Armour recalled that SWRHA hosted a Men’s Health initiative in July at the Point Fortin and the San Fernando hospitals. Earlier, in March, SWRHA celebrated its Women’s Only programme. He added both were initiatives as part of the ministry’s national initiative across all regional health authorities (RHAs).

SWRHA, he said, is committed to transforming healthcare delivery in the region in keeping with the national health priorities by attempting to reduce NCDs, increase voluntary non-remunerated blood donations, and implement rapid HIV testing at all its centres.

“SWRHA will continue to offer support through all the necessary means, which ensures that your health and well-being are adequately cared for,” Armour said.

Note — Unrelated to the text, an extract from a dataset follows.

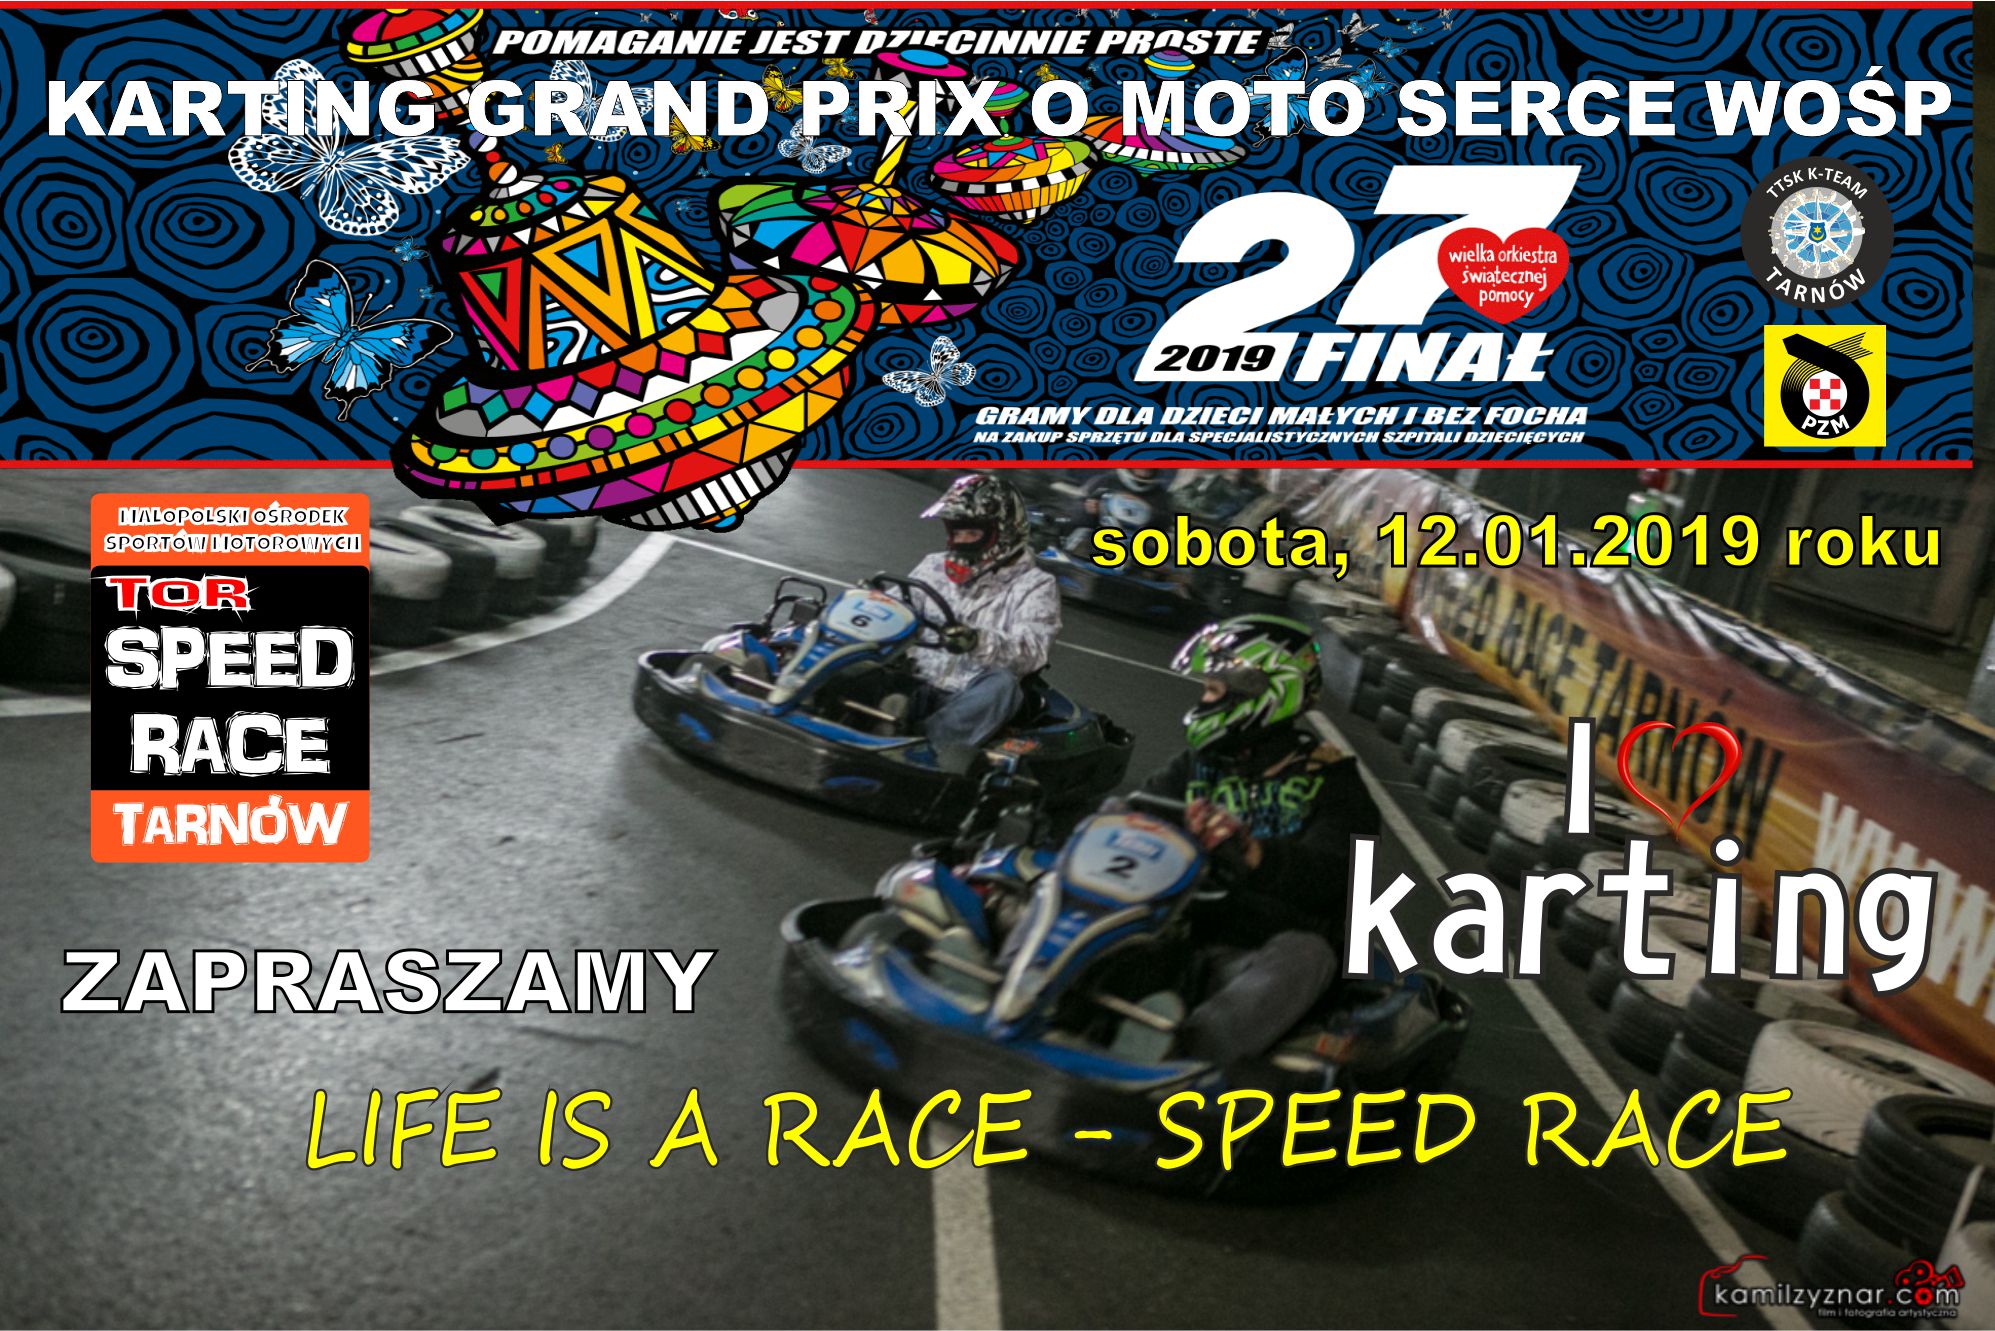 Karting Grand Prix o Moto Serce WOŚP 2019.jpg
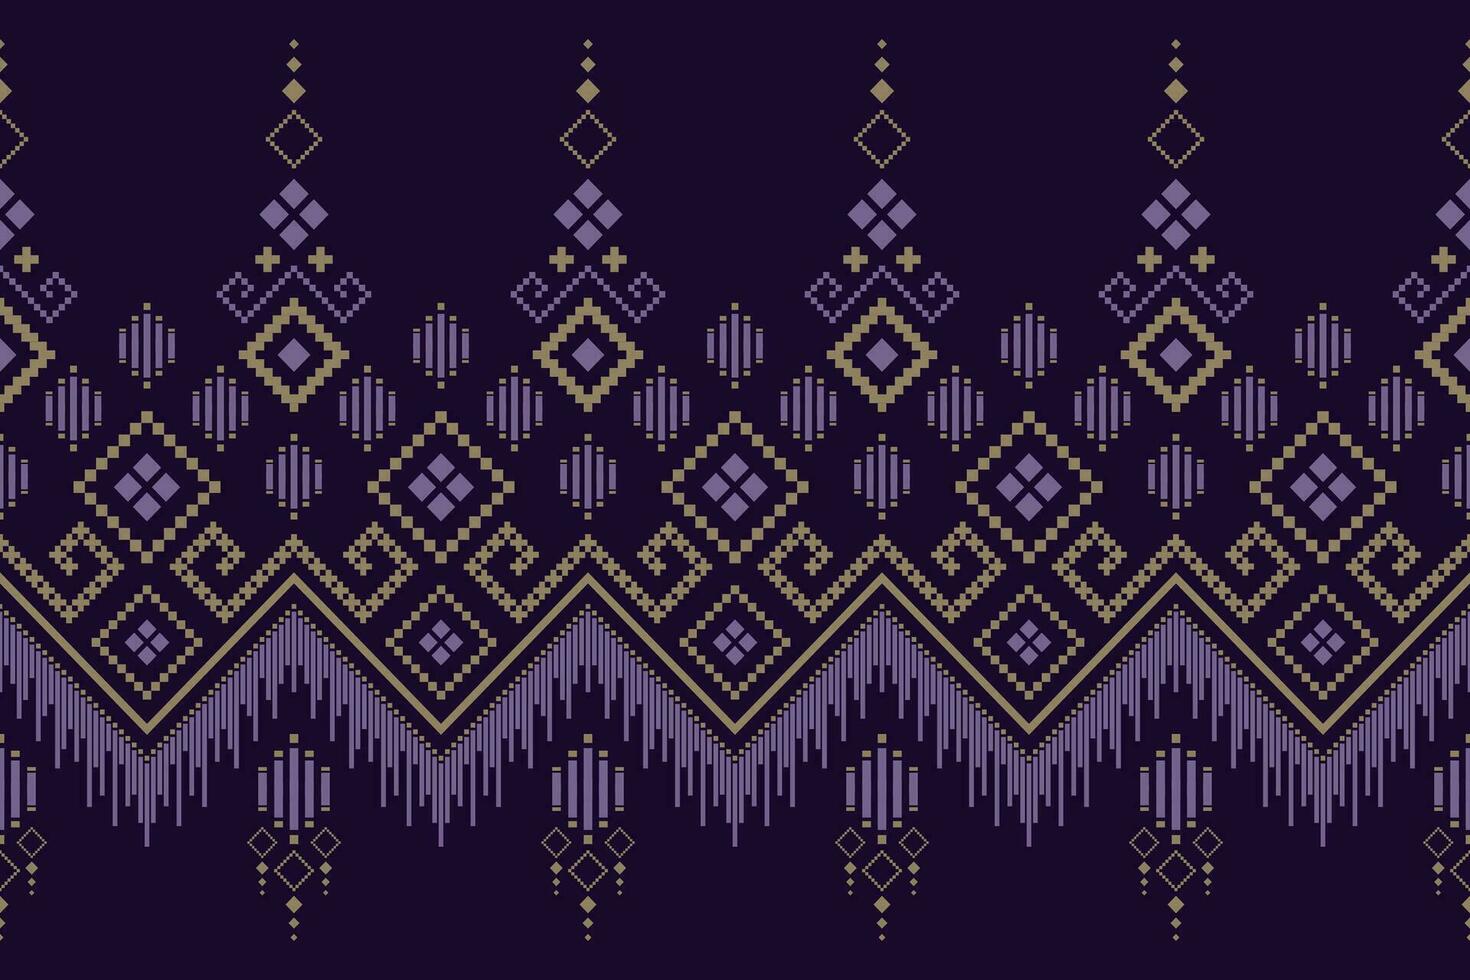 púrpura cruzar puntada tradicional étnico modelo cachemir flor ikat antecedentes resumen azteca africano indonesio indio sin costura modelo para tela impresión paño vestir alfombra cortinas y pareo de malasia vector

He thanked the 80 volunteers from national youth advocacy organisations and all other partner agencies, saying they had made an invaluable contribution to health and wellness.

Co-ordinator Dr Sandi Arthur said TT Moves were built on the tenets of being physically active, drinking water, and consuming fruits and vegetables. These are the basis for helping to prevent and manage NCDs.

“It sounds simple enough, but from my experience, many have challenges sticking to them. Today, the SWRHA has created an immersive and supportive environment for individuals to gain better insight into their health and wellness.”

San Fernando West MP Faris Al-Rawi commended the ministry for various initiative. He said he believes in eating healthily, exercising and finding balance.

“I do not see food. I see it in calorific numbers. The moment someone understands that there is a calorific variation between fried and steamed wantons, a healthy choice is made. For us, that means taking the challenge to schools and introducing technology use of numbers,” Al-Rawi said.

“Most people do not know that a can of Coke has an additive to avoid you feeling sick over the amount of sugar you consume.”

Dr Maria Clapperton, director of NCDs at the ministry, said such festivals bring people one step further along the journey towards addressing NCDS issues.

Clapperton added, “The TT Moves health and wellness festivals are not only geared towards promoting healthy lifestyle practises but also create an avenue where healthcare services are made more accessible to people in the community. Linkage to care is a key feature of these festivals.”